The fringe contrast is thus identified as

$$\begin{eqnarray}&&\mathrm{exp}[-\displaystyle \frac{2{({k}_{{\rm{eff}}}{T}^{2}\gamma )}^{2}({\sigma }^{2}{\sigma }_{r}^{2}+{T}^{2}{(1-\displaystyle \frac{\delta T}{\gamma {T}^{3}})}^{2}{\sigma }_{v}^{2}{\sigma }_{r}^{2}+{T}^{2}{(1+\displaystyle \frac{\delta T}{\gamma {T}^{3}})}^{2}{\sigma }_{v}^{2}{\sigma }^{2})}{{\sigma }^{2}+{\sigma }_{r}^{2}+4{T}^{2}{\sigma }_{v}^{2}}].\end{eqnarray} \tag{ 12 }$$

Without imaging detection, where $\sigma \gg {\sigma }_{r}+{\sigma }_{v}T,$ the gravity-gradient dependent phase fringing reduces the contrast, practically limiting T ≤ 5 s [103]. The contrast can be partially recovered, as proposed in [110] and also demonstrated experimentally in [9], by compensating the initial velocity-dependent gravity gradient phase k_effT²γ (v_iT) with a choice of δT so that $1+\delta T/(\gamma {T}^{3})\ll 1.$ However, the remaining contribution from the gravity gradient across the initial cloud size still severely limits the useful range of T.

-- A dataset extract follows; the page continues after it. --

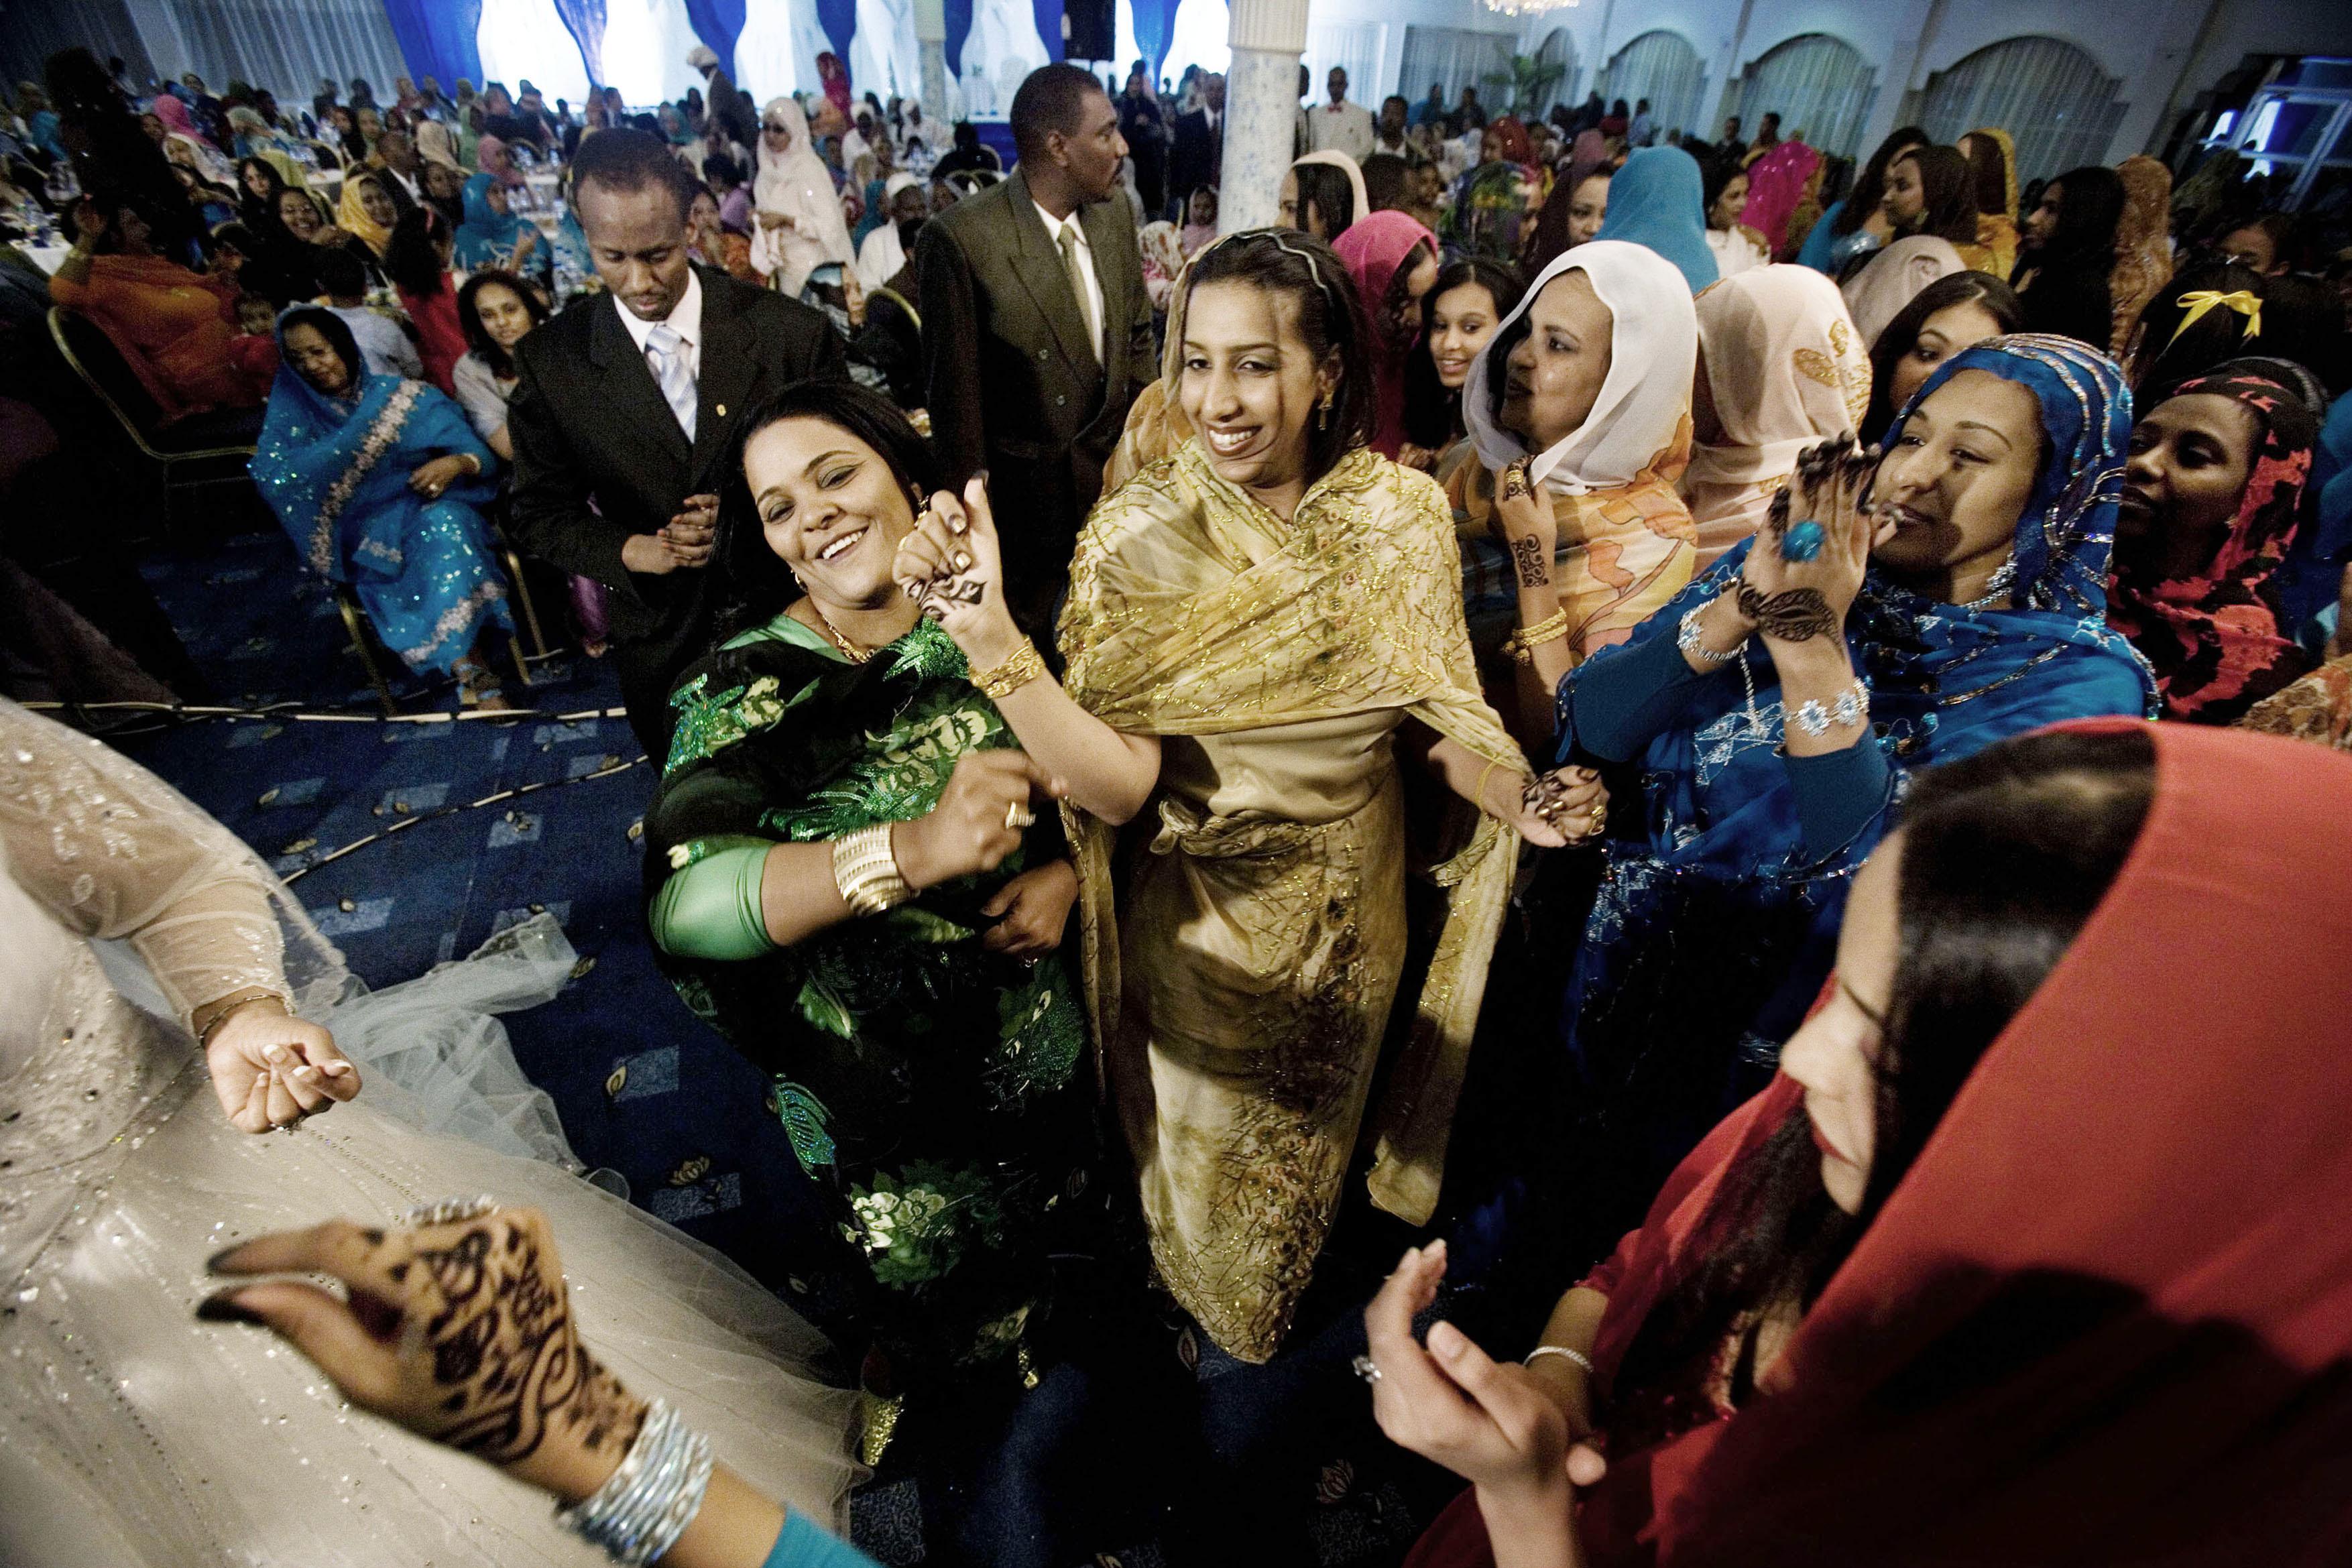 Sudanese wedding rituals and traditions - Khartoum Sudan January 11 2007

A possible mitigation of the remaining contrast loss comes from imaging detection. By choosing 'anti-compensation' of the open interferometer asymmetry so that β = $1-\delta T/(\gamma {T}^{3})\ll 1,$ together with the small pixel size approximation $\sigma \ll {\sigma }_{r}$ and σ_vT, contrast is significantly recovered as implied from the above expression of contrast. For instance, assuming σ_r ≅ σ_vT and moderate anti-compensation accuracy, β ≤ 10⁻², gravity gradient phase shifts across the initial cloud size of even k_effT²γσ_r = 30 rad correspond to a contrast of >96%.

Now consider directions orthogonal to the beam propagation direction (z), as shown in figure 1 in which the camera points along the y direction. The phase and fringes in the x direction can be treated similar to the z direction considered above. The analogy to the open interferometer asymmetry in the x direction is an additional tilt of the retroreflection mirror in the direction (rotation about y axis) for the last interferometer pulse, which can create spatial fringes in the x direction [7, 9]. A parameter similar to β can be applied to mitigate contrast loss caused by the kinematics in the x direction with comparable efficiency. The y direction, however, is unique in that there is no imaging resolution in this direction. Since the y direction is chosen to coincide with the rotation vector, leading phase shift terms are much smaller than those from other directions. The impact on contrast is thus negligible.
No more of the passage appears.